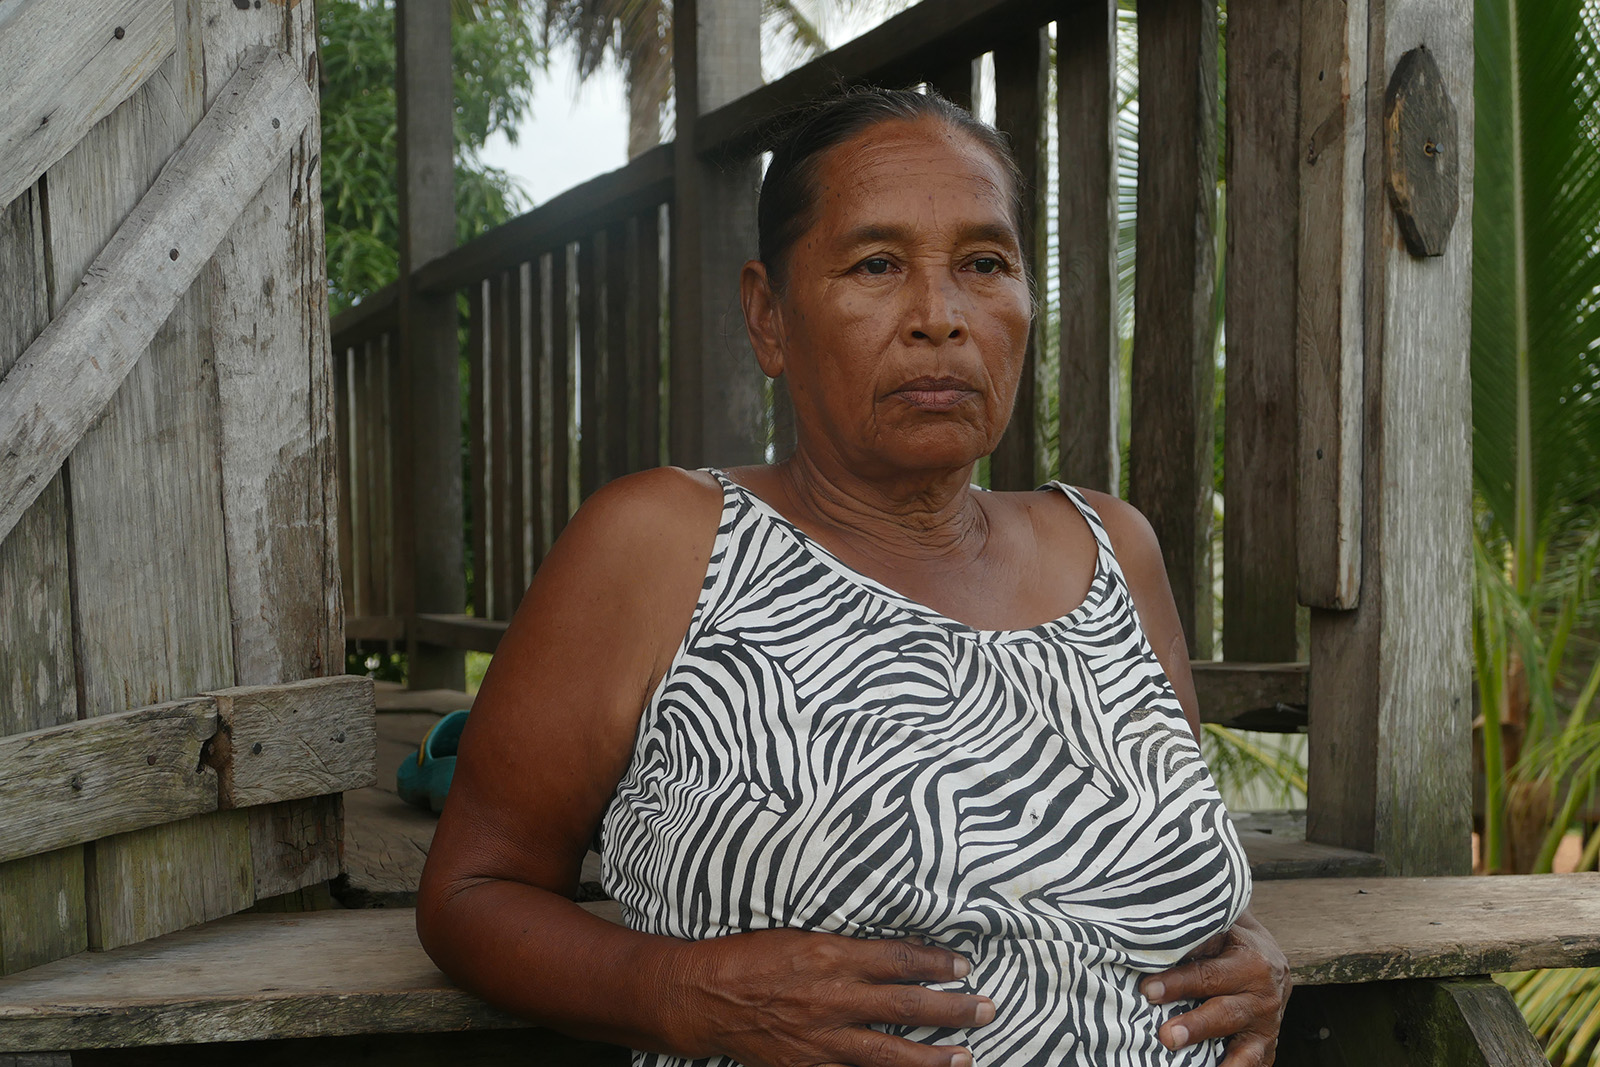 La inseguridad para las mujeres en el Caribe de Nicaragua aumenta, debido a la impunidad que existe en este territorio.
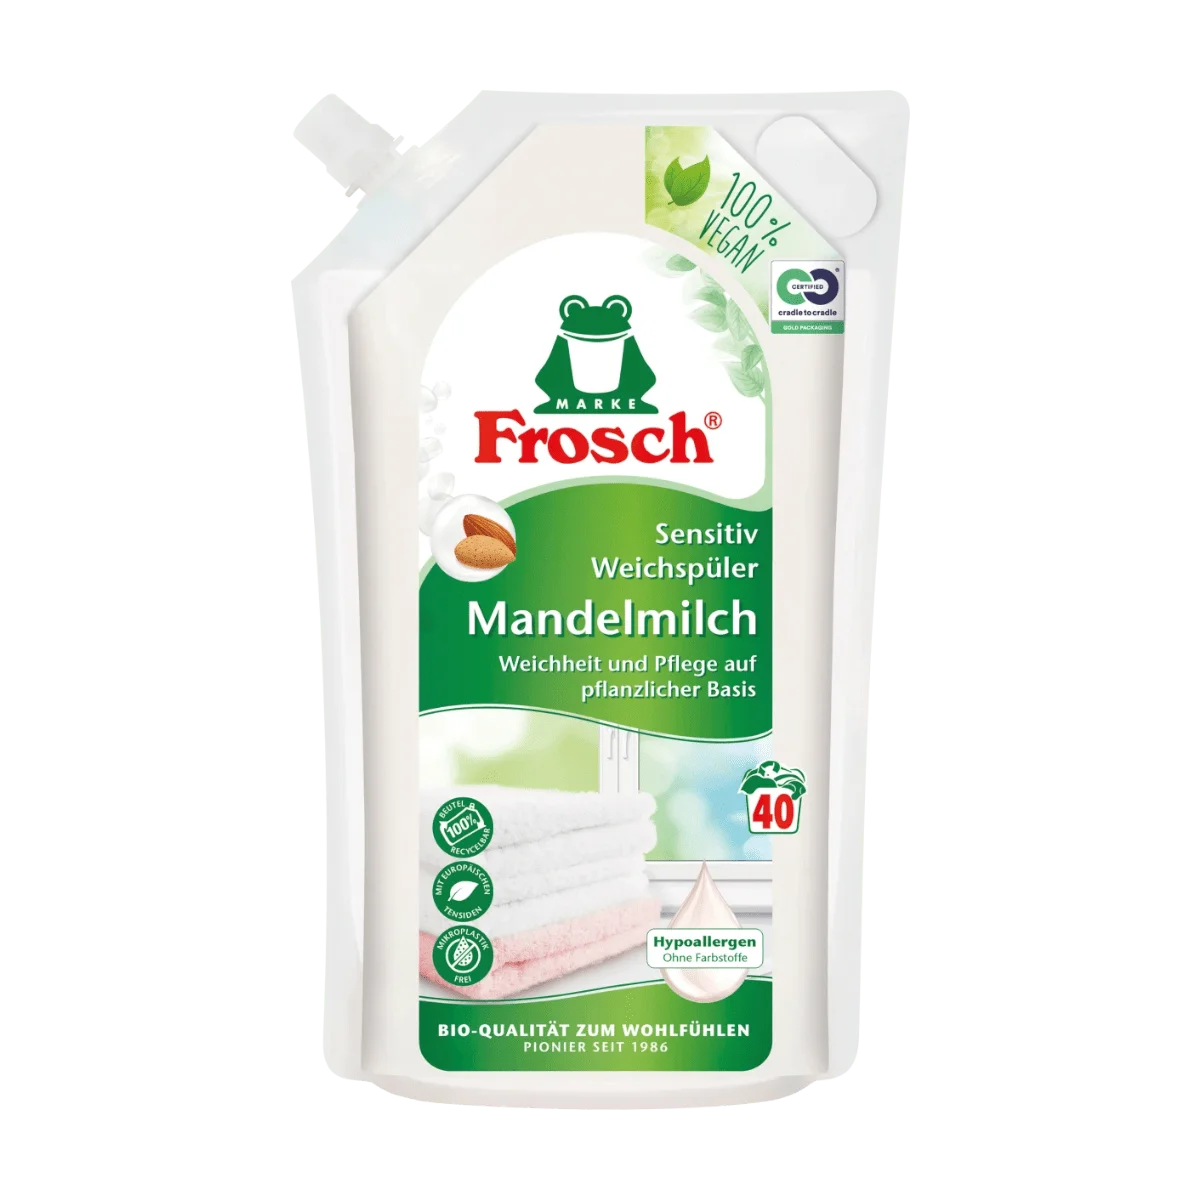 Frosch Weichspüler Mandelmilch 40 Wl, 1 l
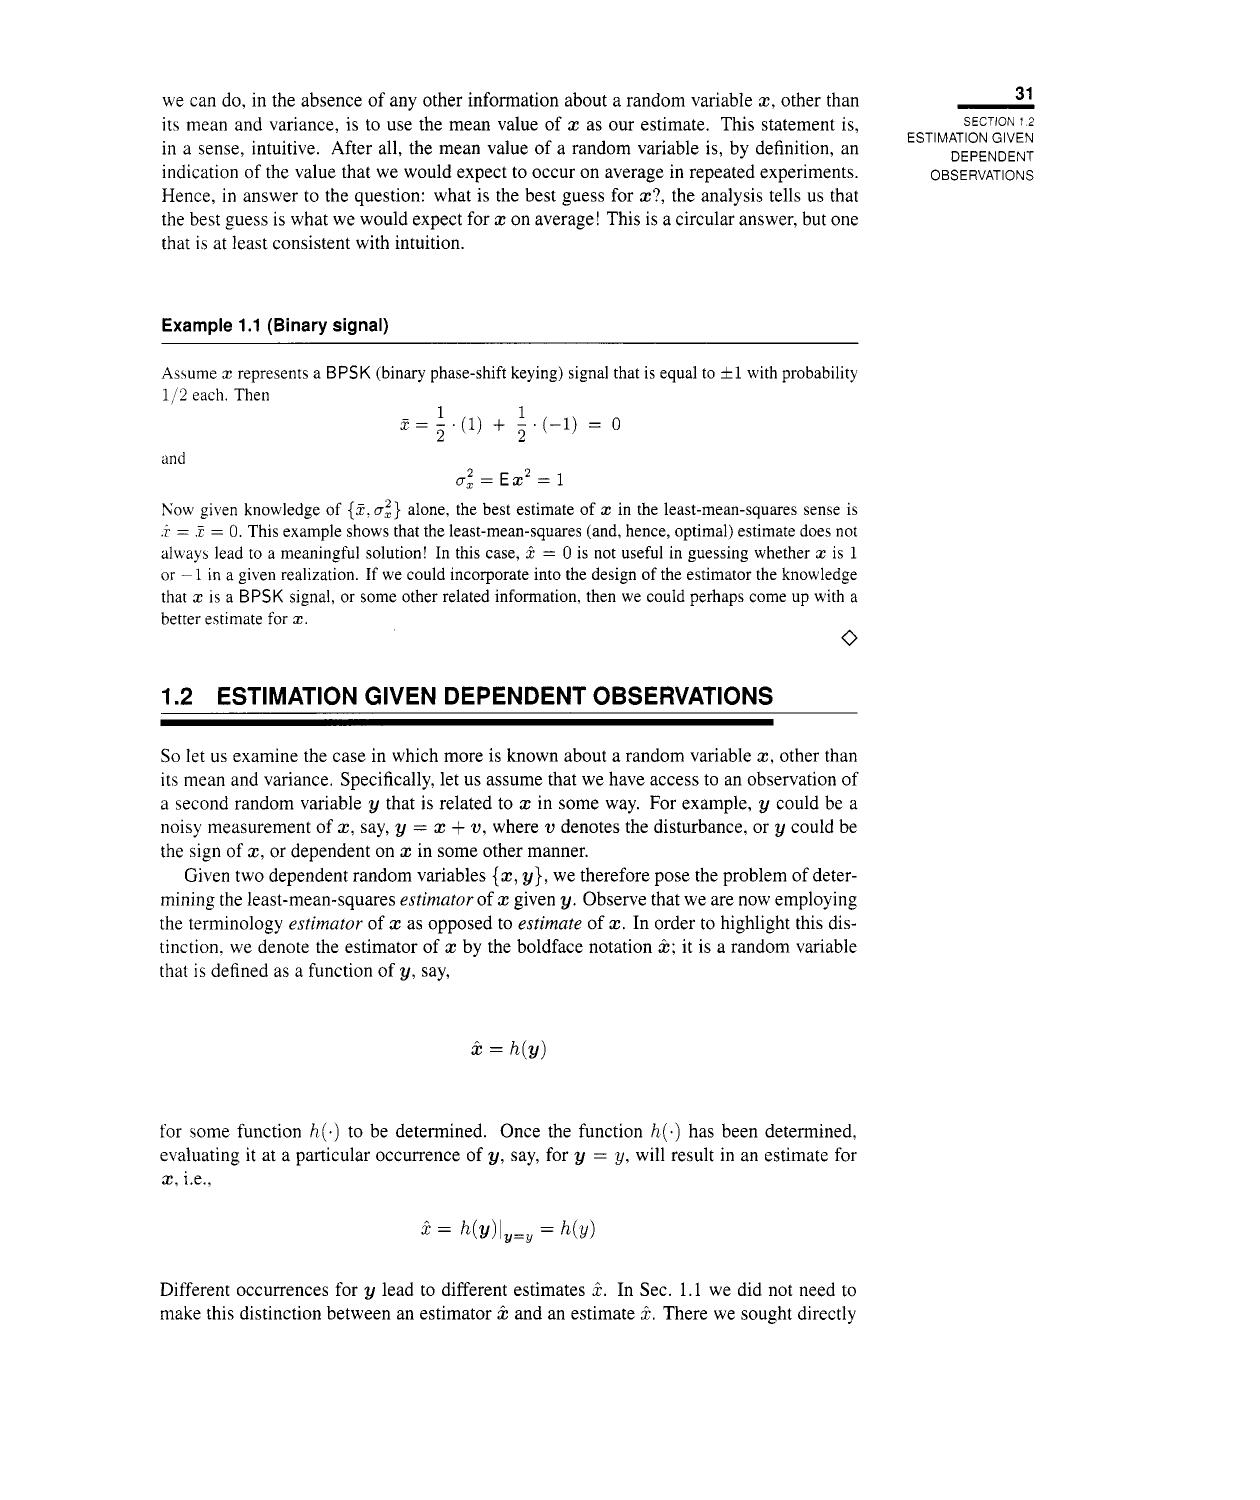 1.2 Estimation Given Dependent Observations
━━━━━━━━
• [WHAT YOU HAVE TO DO]: Leave the images out and give the rest of the data again exactly.

• [TASK RESPONSE]:
 La inseguridad para las mujeres en el Caribe de Nicaragua aumenta, debido a la impunidad que existe en este territorio.
 Frosch Weichspüler Mandelmilch 40 Wl, 1 l
 1.2 Estimation Given Dependent Observations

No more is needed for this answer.